When God chooses us to be a soldier, (if we are good soldiers) our desire is to be where the Captain of the Host sends us. We are made willing and obedient to fight battles that, in our carnal minds, we would never undertake. He makes us willing to sacrifice our own dreams and expectations to do the will of God. Having done so, we will always find that His way is always better.

Paul then uses another analogy that he often employed in his letters; that of an athlete. He often uses the idea of running a race or being crowned to describe someone who has run well. He instructs Timothy here that striving for mastery (according to Strong’s “to compete publicly”) does not guarantee a man to accomplish what he sets out to do. Only those who have made a legitimate effort can be crowned.

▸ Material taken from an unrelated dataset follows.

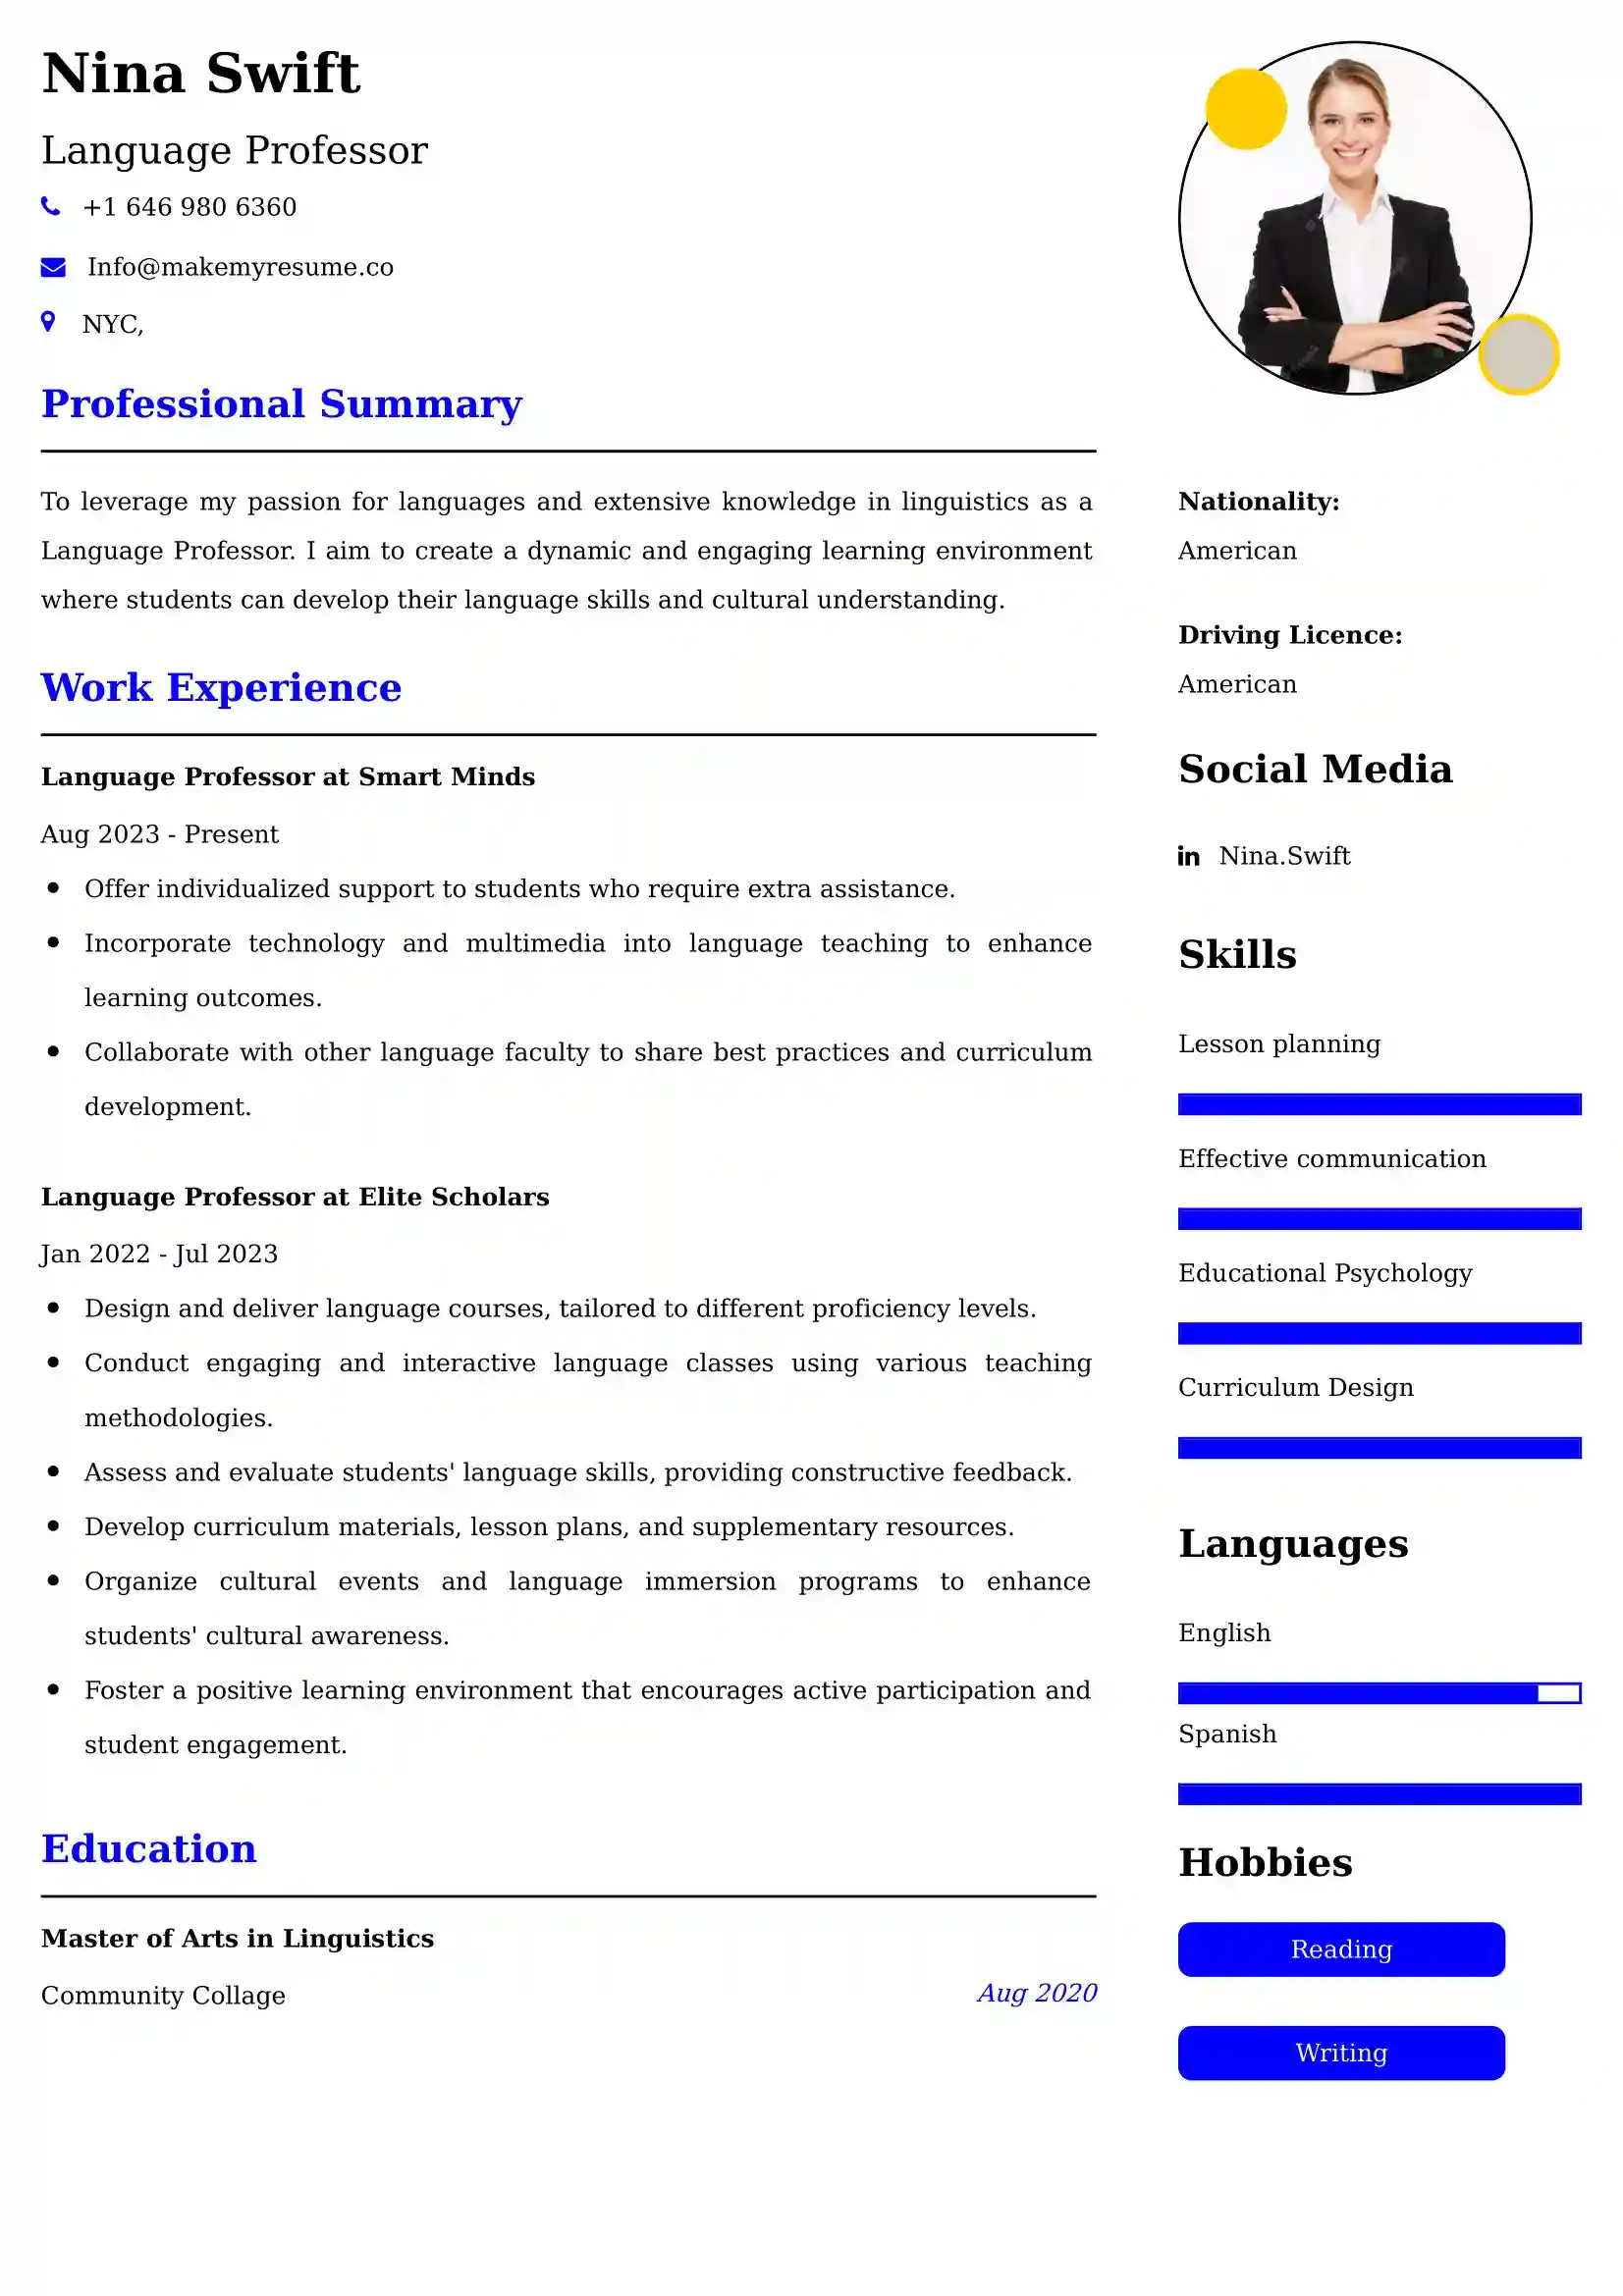 Language Professor Resume Examples for UK Jobs - Tips and Guide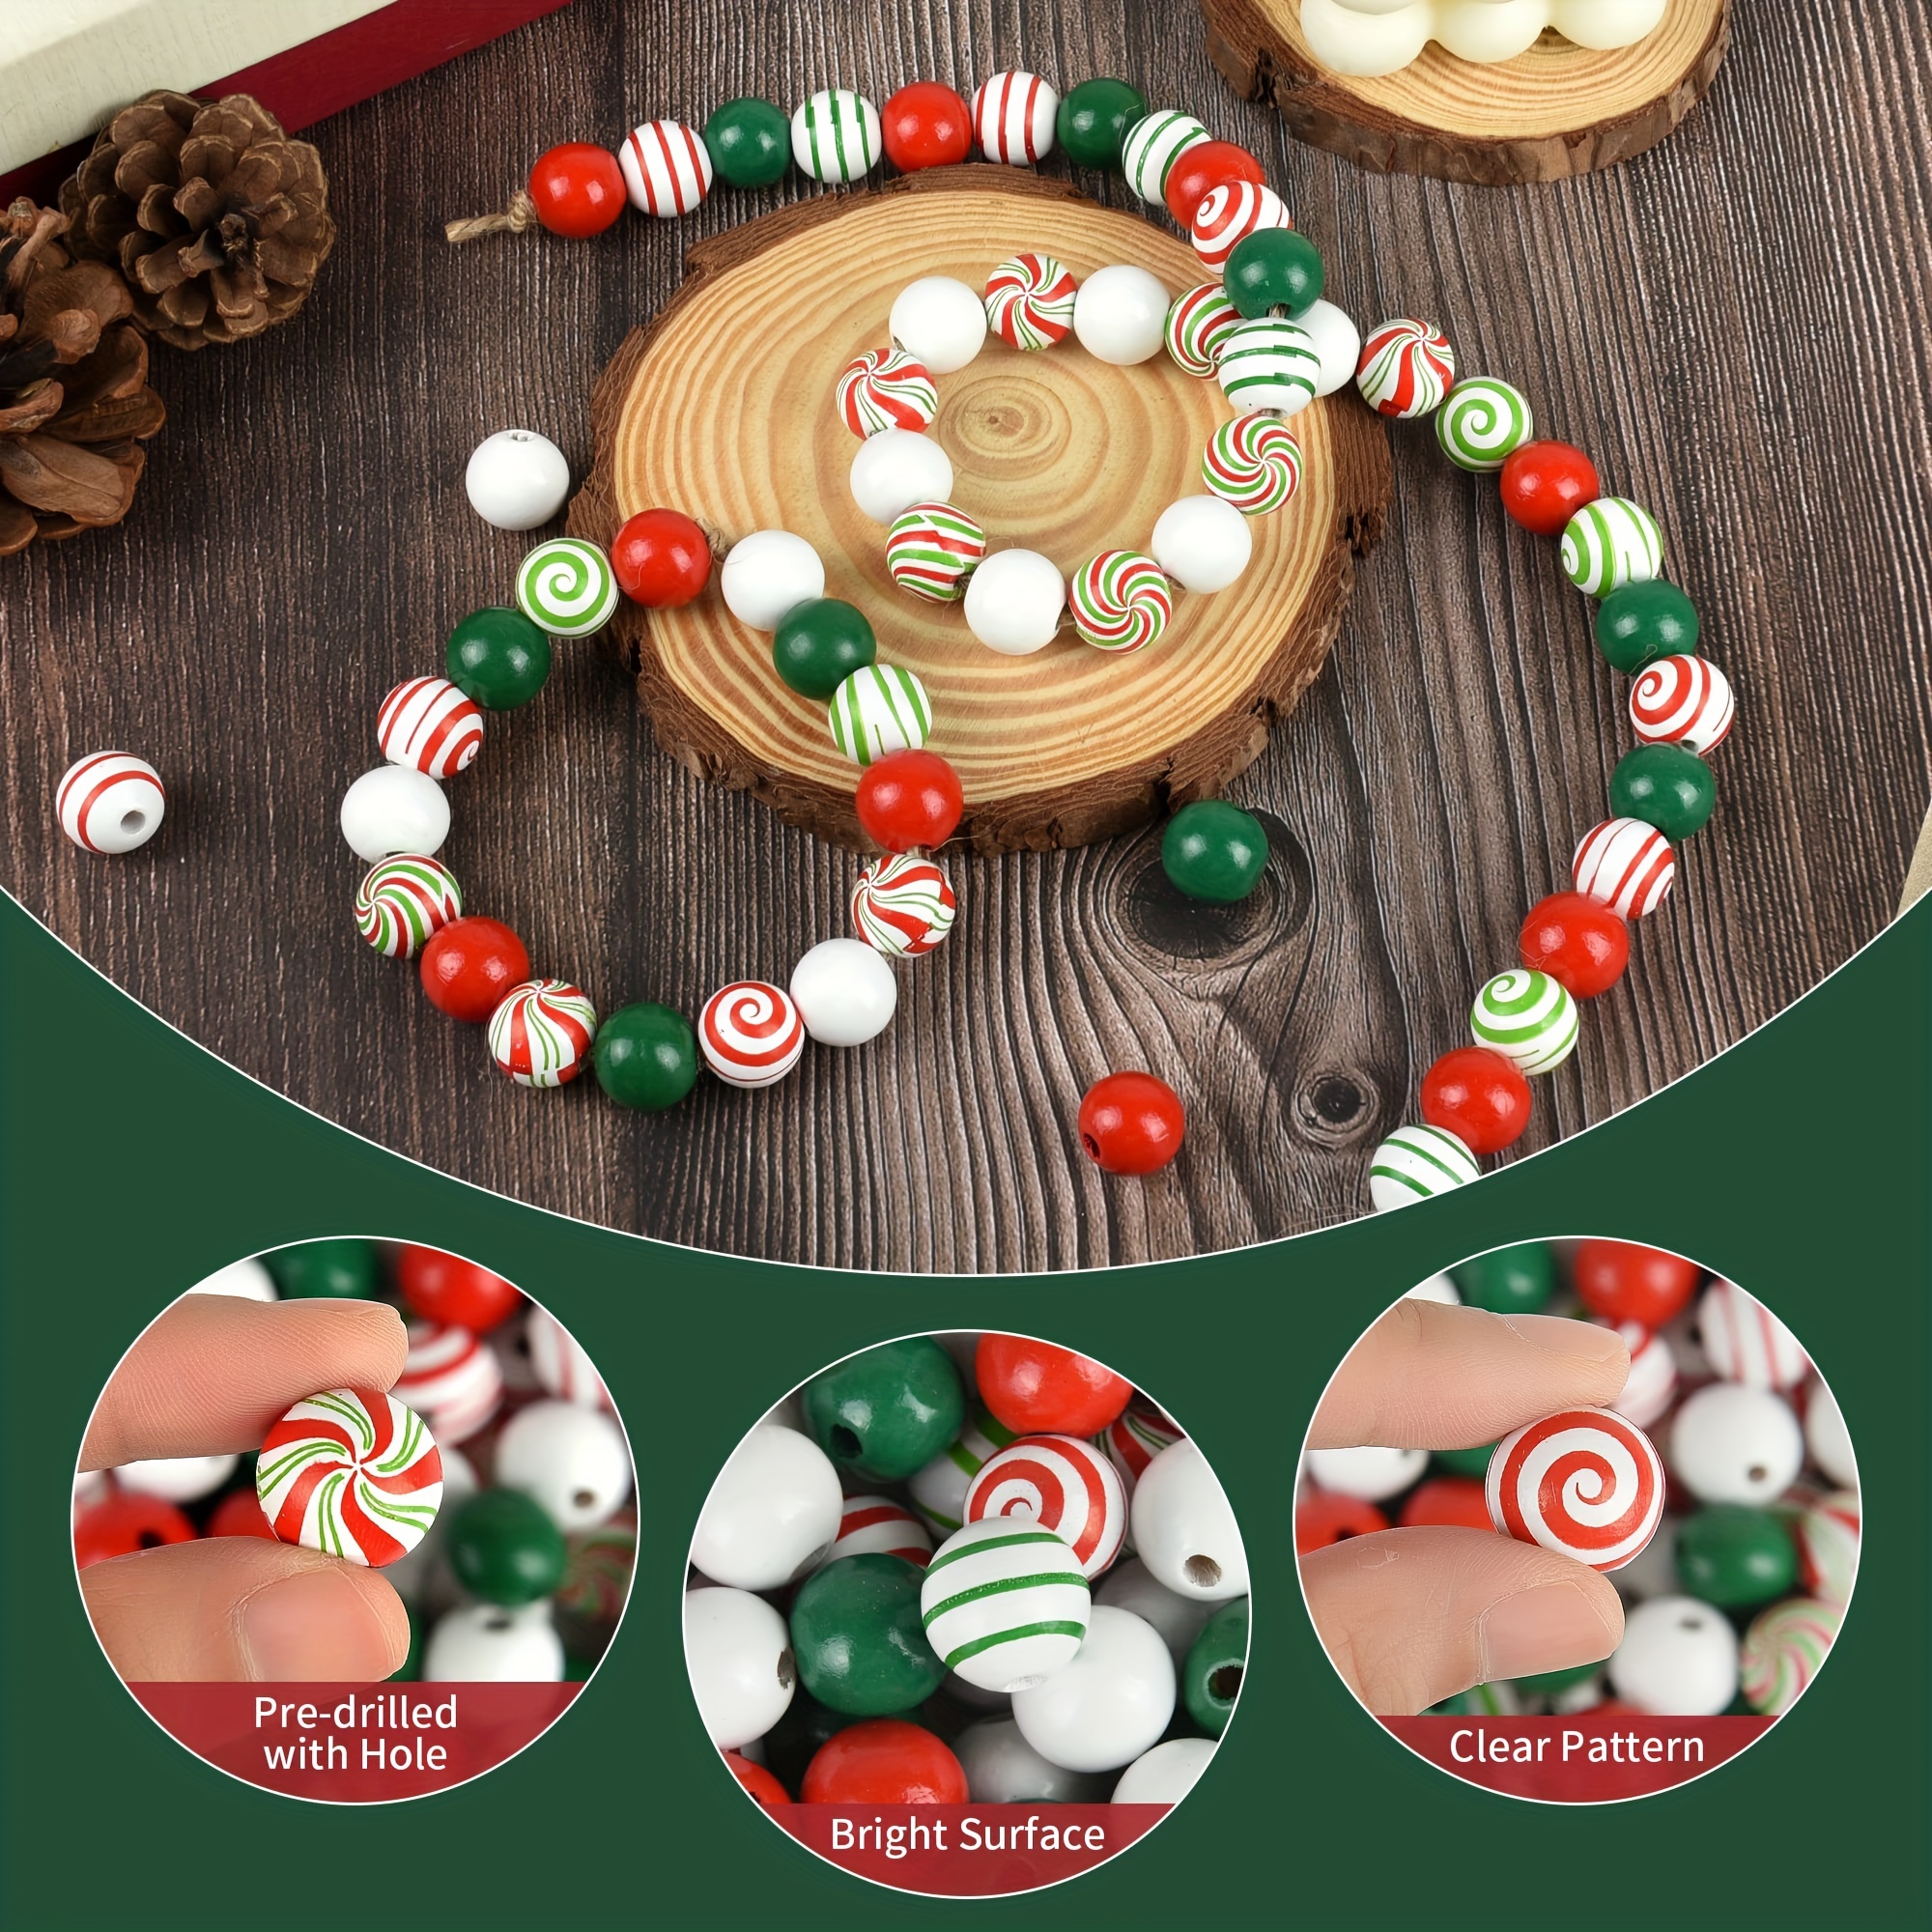  180 Pcs Candy Cane Wood Beads 16mm Christmas Wooden Beads  Colorful Round Craft Beads with Holes, Christmas Dotted Striped Farmhouse  Spacer Wood Beads for Christmas Party Holiday DIY Garland Jewelry

We should desire to be the very best servant that we can possibly be. God crowns us with the blessing of His holy presence as we strive to give Him all the honor and glory. We cannot legitimately claim to be serving God while seeking to establish our own righteousness. We must always remember that our efforts are on display before both God and man, and it behooves us to run in a way that men will glorify God.

Paul now uses the analogy of being a farmer. To be a successful farmer, we must be willing to shoulder a lot of hard work. We must learn what to plant, when to plant, and where to plant. Then, we must trust God to give the increase if the fruit is going to be worthwhile.

As we labor in God’s kingdom, we are going to be the first recipients of the fruit of our labor. If we have labored for our own glory, then that fruit will not provide us with sustenance. We cannot take the harvest for granted, or fail to tend the field we have been placed in. Whether the crop is good or has failed will be apparent to all who pass by the field.

To serve God well, we cannot wrap ourselves in the affairs of men and serve God at the same time. We cannot properly run the race without acknowledging that Jesus Christ is Lord. A life of service is going to require that we labor where He sends us. We will be the first ones to eat from our labor, and we will know before anyone else whether the fruit is good.

May God give us the grace to heed (consider) His instruction and grant us understanding in all that He requires of us!